‘The Preist’s Final Act’

Sermon 2 Lent:
John 11:45-53; 18:12-14, 19-24pastorm

Interspersed with the story of Peter and his denial of Jesus that desperate last night of Jesus’ life is the story of Joseph ben Caiaphas, the high priest of the Jewish people, a man of the tribe of Levi who stood in the succession of Aaron. Caiaphas was an important person in the final week of Jesus’ life. He was not a follower of Jesus. Not a friend of Jesus. Not an admirer of Jesus. In fact, it is not clear he had even given Jesus much though until that last week. But he had a role to play. In God’s great divine drama, now about to come to its climatic conclusion, Caiaphas, as high priest, had one single job to perform. He had one key line to deliver. It didn’t even matter whether he understood it or not. His job was to announce, after more than a thousand years of the sacrificial system that he and his predecessors had presided over, the last sacrifice that God would ever accept was to be offered up. The final, ultimate sacrifice.

But before we look more deeply into the part played by Caiaphas, and the meaning of his words, we need to understand a bit more of who he was, and of what the role of the high priest was.

At the time of Jesus the high priest was principally concerned with overseeing the sacrificial system of the temple, and of being a part of the Sanhedrin, or ruling council. But this had not always been the case. Originally there was no ruling council and the role of the high priest was not political. Also, there was in early Israel a much stronger emphasis on the high priest as a teacher and as an oracle or mouthpiece for God than on his role in the temple sacrificial system.

The role of the high priest was inherited, usually passed on from father to son. And the appointment was for life. But by the time of the Romans this had changed. The role of the high priest had become very political. For this reason the Roman governors took an active interest in who was high priest and often deposed those they were not happy with. For this reason many high priests during this period served often for a year or less, and some for a matter of only days. Caiaphas was an exception. He served during the entire time that Pontius Pilate was the Roman governor. But this didn’t earn him any praise or respect among the people. Instead, many saw it as a sign of complicity with the Romans, and of Caiaphas’ ability to do whatever was asked of him in order to stay in power.

Like every other priest, Caiaphas was born into a priestly family from the tribe of Levi. But more than that, he had had the good sense to marry the daughter of the most influential and wealthy priest of the era, Annas. Whether this was a result of his own ambition or that of his parents, is not clear. Annas had spent time as high priest and when he was made to step down by Pilate’s predecessor, he had one of his sons appointed in his place. When after a year his son was forced to step down, he had his son-in-law Caiaphas appointed to the role. And when Pilate was replaced as governor of Judea and Caiaphas was deposed so that the new governor could put his own new team in place, Annas managed to have a succession of four more sons serve for brief periods in the role of high priest. So for many years, including the entire ministry of Jesus, Annas was the power behind the high priesthood and the de facto high priest, even though it was Caiaphas who was technically high priest during this period.
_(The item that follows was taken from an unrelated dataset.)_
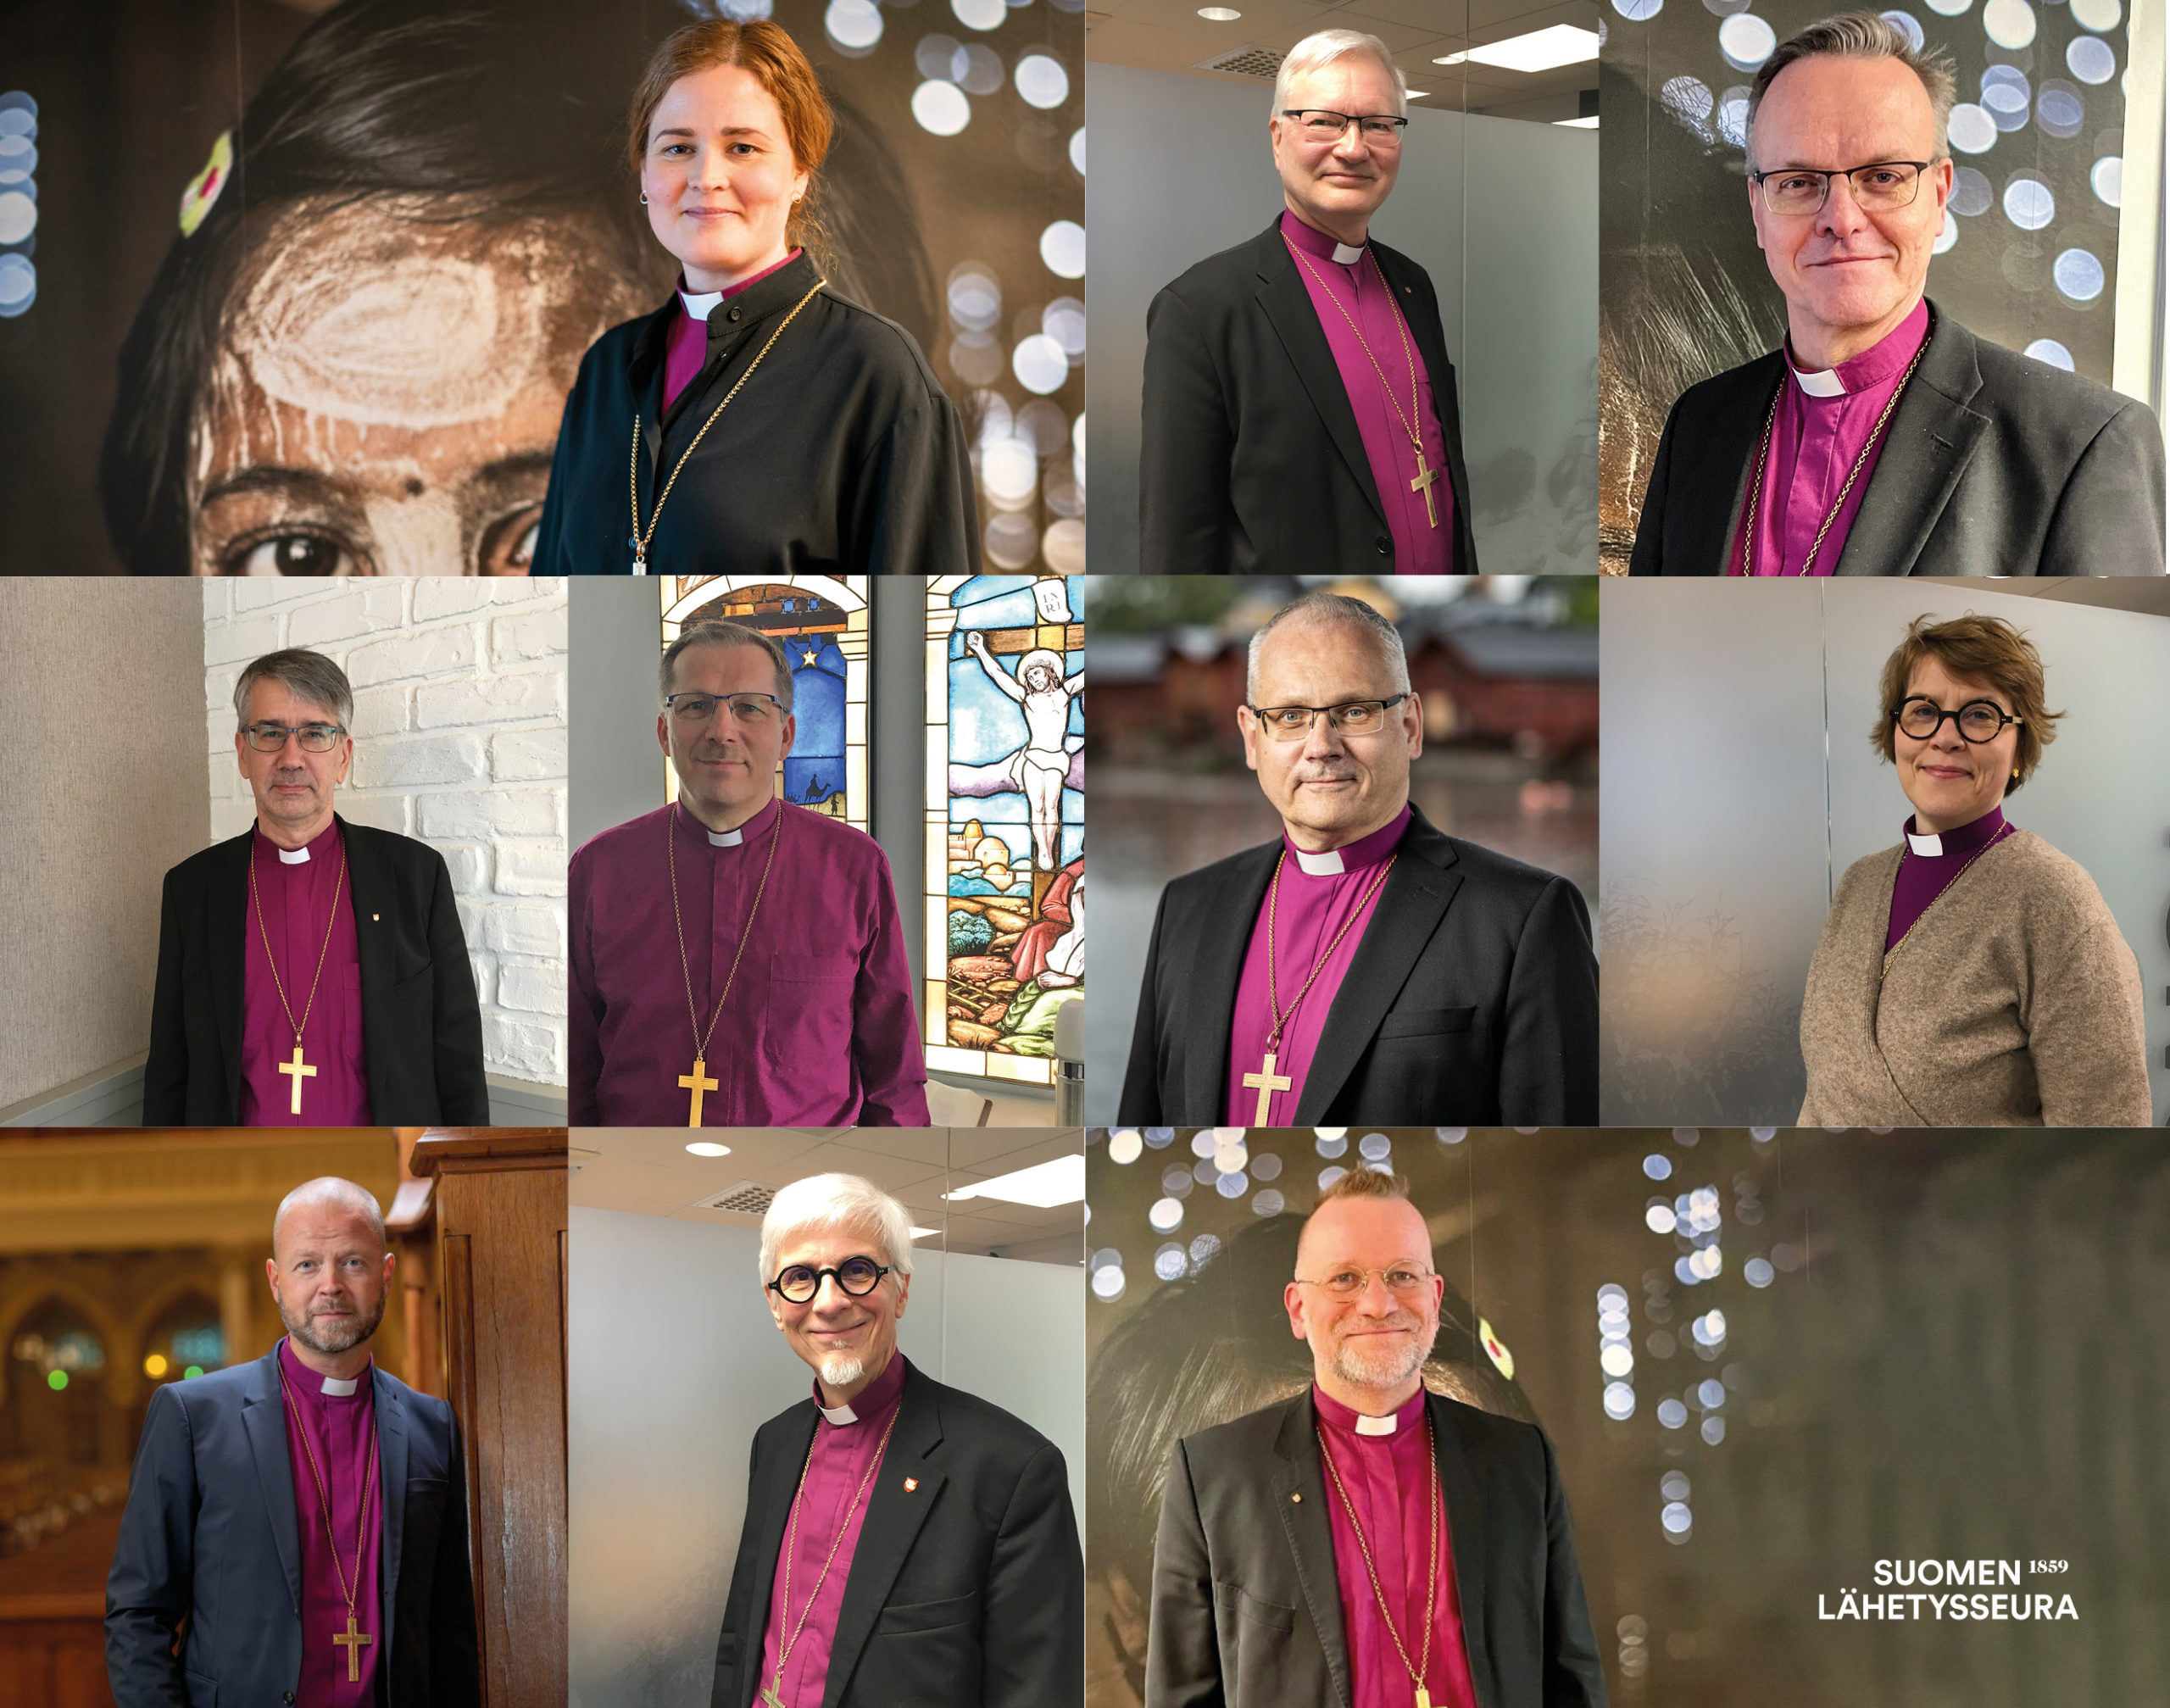 Kymmenen piispan kuvat kollaasina
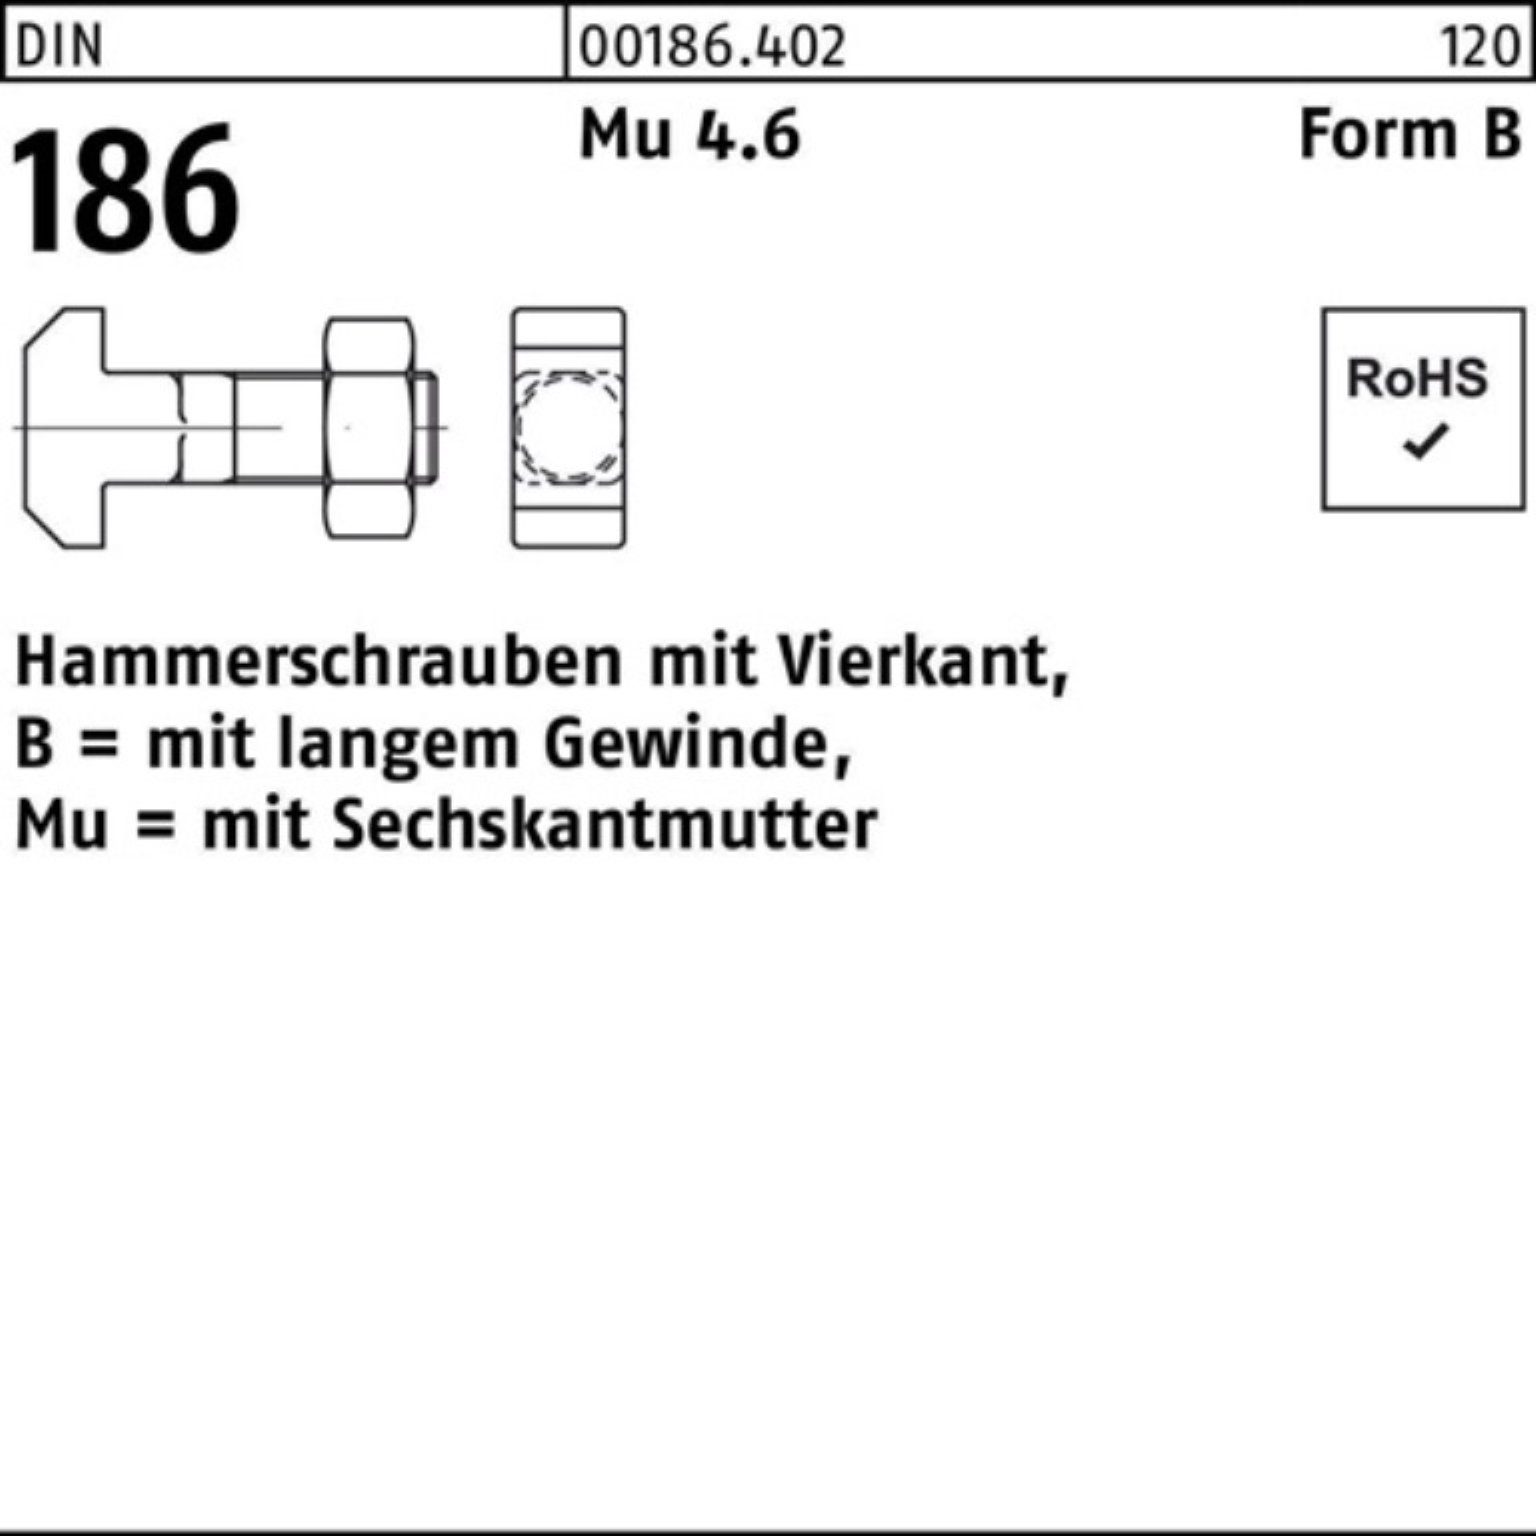 Vierkant Pack 10x Reyher 186 6-ktmutter FormB 45 DIN Hammerschraube Schraube 100er BM

Hence the reason that both men are referred to in the gospels and in contemporary records at the time as being ‘the high priest.’

John, who shows more awareness of the role of the temple and of the priesthood than the other gospel writers, gives us much more detail about what happened after Jesus’ arrest. For instance, we find that Jesus was taken to Annas’ house first for his trial, and then afterward as a formality to the house of Caiaphas, the actual high priest. For it was Caiaphas who needed to officially hand him over to Pilate, probably under instruction from his father-in-law Annas. It is also John that tells us that Caiaphas was ‘high priest that year’, making is sound as if the office was transferred annually. But John knew that it was not an annual office. It was meant to be held for life. But as many high priests served only a year or less, this had become something of a running joke in Jerusalem. John is not giving incorrect information here, as some have supposed. He is using a hint of sarcasm to remind his readers what a mess the office of the high priesthood had become in its final years. Possibly for the same reason he makes a point of the fact that two different men (Caiaphas and his father-in-law Annas) were acting as high priest at the same time, having the guard with Annas refer to him as the high priest, and then John immediately tells us that Annas, who has just been called the high priest without correction the guard, has Jesus sent to Caiaphas, the high priest.

John knows the system of the priesthood very well, and he is critical of it. But how does John know it so well? And how does John know the high priest, (whether he meant Caiaphas, Annas or both is not clear) so well that he is able to gain access to the trial of Jesus and get Peter into Annas’ courtyard? Why also is John so concerned with the temple and its worship (hence putting the story of its cleansing at the beginning of his gospel?) Why is John at the Jordan river as a disciple of John the Baptist, the son of a temple priest from the hills of Judiah, instead of being with his family fishing?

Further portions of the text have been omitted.